El artículo 3 del Reglamento (UE) 2024/1689 define al responsable del despliegue como una persona física o jurídica, autoridad pública, órgano u organismo que utiliza un sistema de IA bajo su propia autoridad, salvo cuando el uso se realiza en una actividad personal de carácter no profesional.

En lenguaje sencillo: si una empresa decide utilizar una IA dentro de su actividad, establece para qué se usa y la integra en sus procesos, normalmente debe analizar si está actuando como responsable del despliegue.

La palabra “deployer” puede confundir. No significa necesariamente “instalar” técnicamente un sistema. Una organización puede ser deployer aunque simplemente utilice una solución SaaS creada y alojada por un tercero.

La cuestión central del deployer AI Act es, por tanto, la utilización profesional bajo autoridad de la organización. El hecho de no haber desarrollado el modelo no elimina automáticamente las responsabilidades asociadas al uso.

¿Cómo saber si mi empresa es responsable del despliegue?

Una comprobación inicial puede hacerse con cinco preguntas:

  1. ¿Existe realmente un sistema de IA? No toda automatización, software estadístico o regla programada entra necesariamente en la definición del AI Act.
  2. ¿Se utiliza dentro de una actividad profesional? El uso puramente personal y no profesional queda fuera de las obligaciones de los deployers.
  3. ¿La organización lo utiliza bajo su autoridad? Es decir, decide introducirlo, autoriza su uso o lo incorpora a un proceso empresarial.
  4. ¿El sistema produce contenido, recomendaciones, predicciones o decisiones utilizadas por la empresa? Esto ayuda a comprender su función real.
  5. ¿La empresa sigue siendo usuaria o ha cambiado sustancialmente el sistema o su finalidad? Esa diferencia puede alterar el papel jurídico.

Si las respuestas apuntan a un uso profesional bajo control de la organización, el análisis de deployer AI Act cobra sentido. Después habrá que estudiar qué tipo de sistema se utiliza y qué obligaciones concretas corresponden.
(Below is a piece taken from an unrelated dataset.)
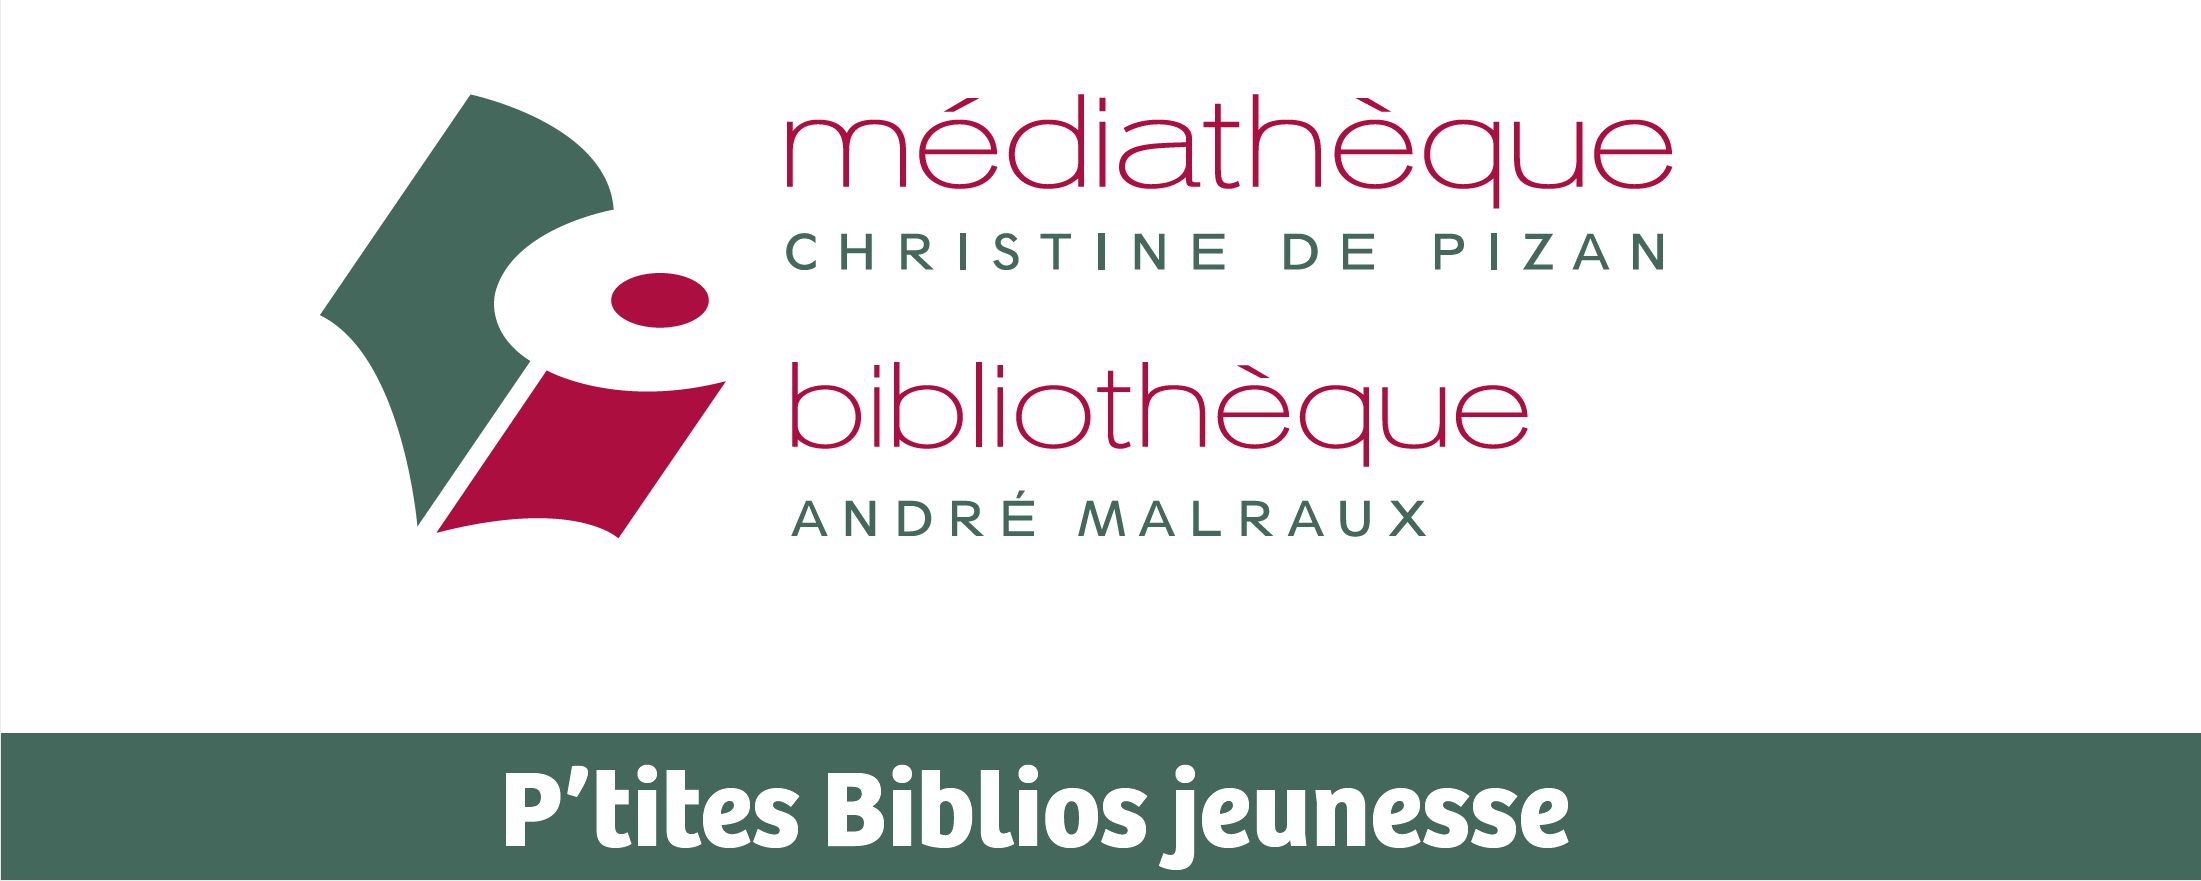 mediatheque ptittesbiblios
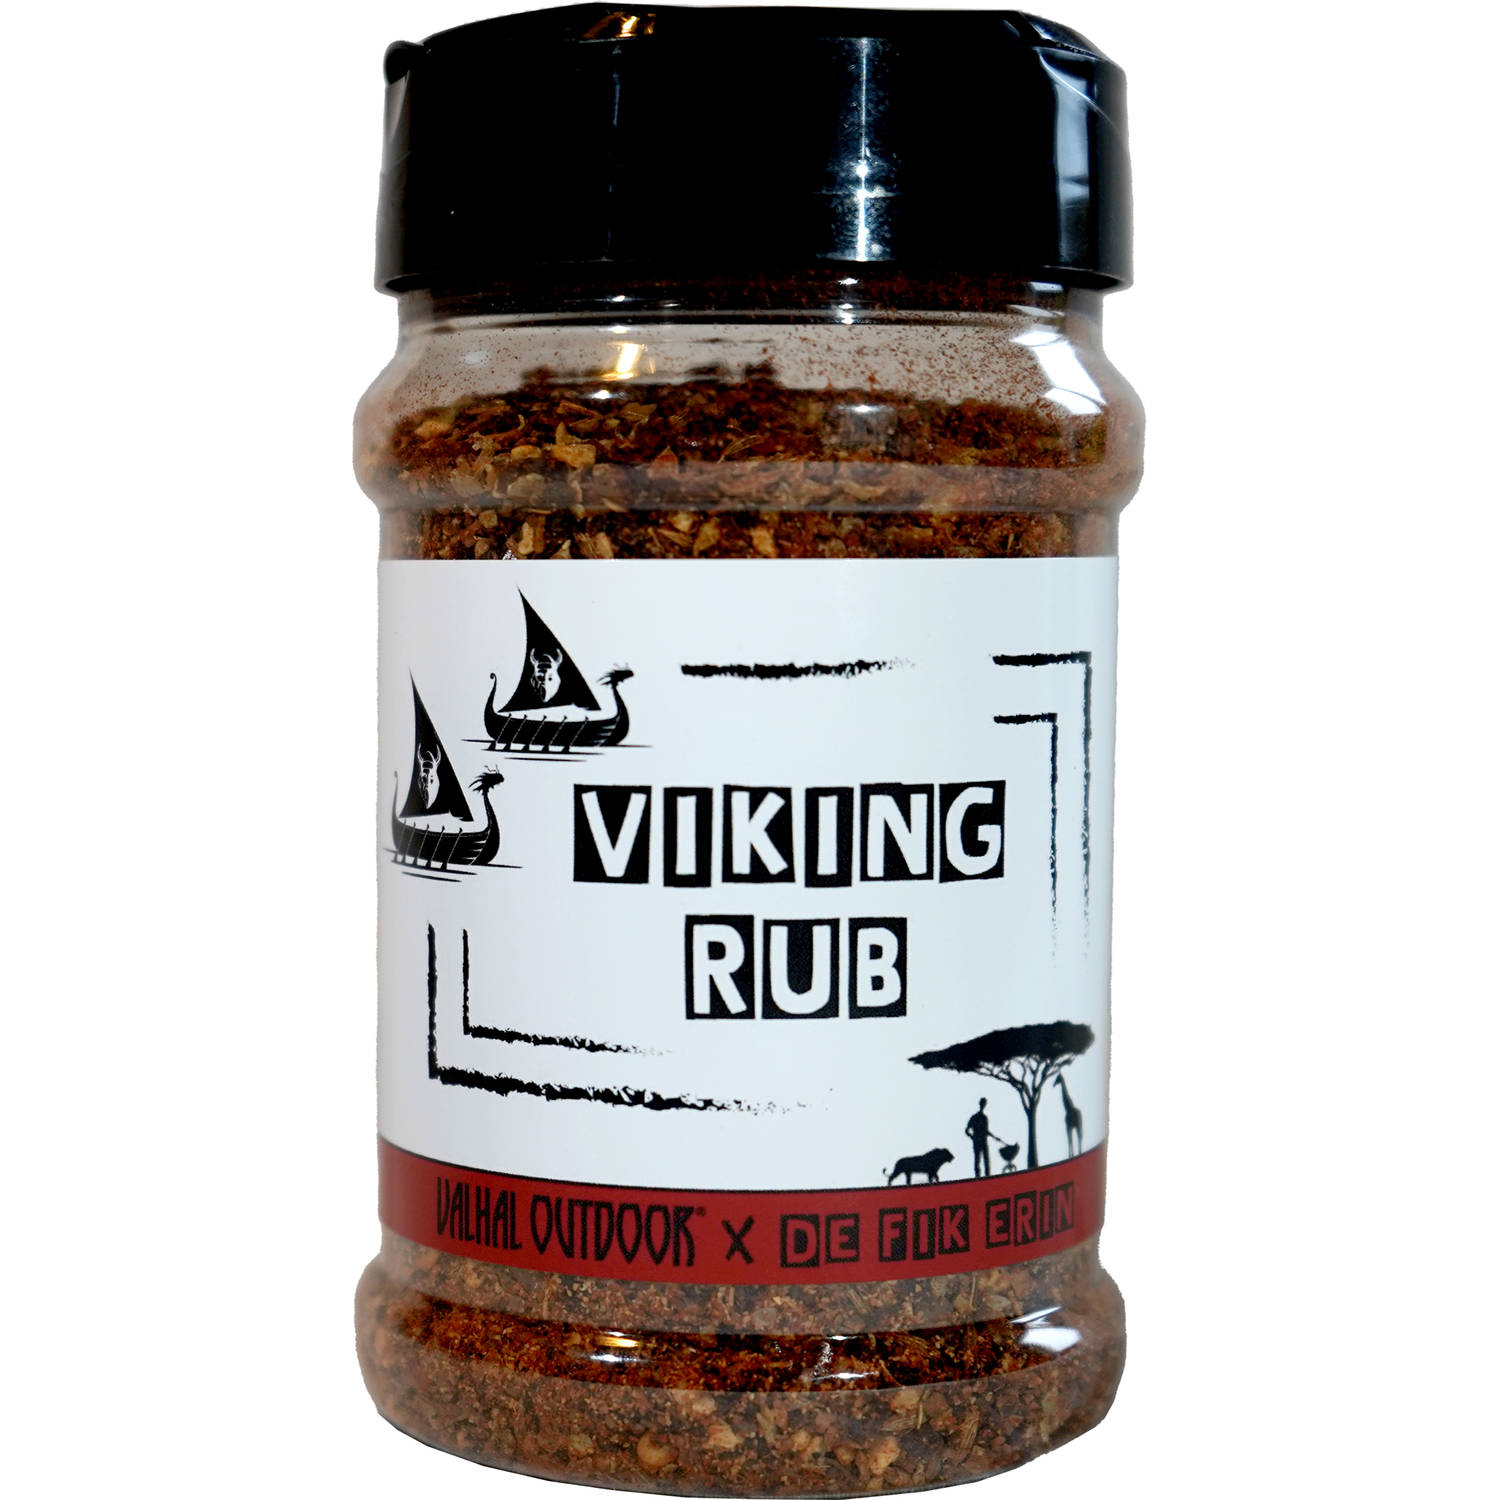 Valhal Outdoor x DE FIK ERIN - Viking Rub - All purpose dry rub

Ejemplos prácticos de empresas que pueden actuar como deployer

Marketing
Usar ChatGPT para crear borradores

La empresa utiliza una IA de terceros en su actividad. Esto puede situarla como responsable del despliegue, aunque el uso concreto no sea de alto riesgo.

RR. HH.
Utilizar IA para apoyar la selección de candidatos

La organización puede actuar como deployer y, además, debe revisar si el caso de uso entra en las categorías de alto riesgo.

Atención al cliente
Integrar un chatbot de un proveedor externo

Aunque el proveedor haya desarrollado la tecnología, la empresa puede asumir obligaciones relacionadas con cómo despliega y utiliza el sistema.

Administración
Resumir contratos o expedientes con IA

Puede existir un rol de deployer y, si hay datos personales, también será necesario revisar el RGPD y otras obligaciones aplicables.

Dirección
Usar IA como apoyo a decisiones internas

La importancia está en la finalidad, los datos, las consecuencias y el grado de dependencia del resultado generado.

Uso personal
Una persona usa IA fuera de su actividad profesional

El AI Act excluye las obligaciones de deployer cuando una persona física utiliza el sistema en una actividad puramente personal y no profesional.

Deployer vs proveedor: la diferencia que una empresa debe entender

El AI Act reparte obligaciones según el papel que ocupa cada actor. Confundir proveedor y responsable del despliegue puede llevar a asumir obligaciones que no corresponden o, al contrario, ignorar las que sí son aplicables.

Proveedor
Desarrolla o hace desarrollar un sistema y lo pone en el mercado o en servicio bajo su nombre o marca

Su papel está vinculado a poner el sistema a disposición bajo las condiciones definidas por el Reglamento.

Deployer
Utiliza un sistema de IA bajo su autoridad

Su responsabilidad se centra en el uso real del sistema, el contexto, las personas afectadas y las obligaciones que correspondan a ese despliegue.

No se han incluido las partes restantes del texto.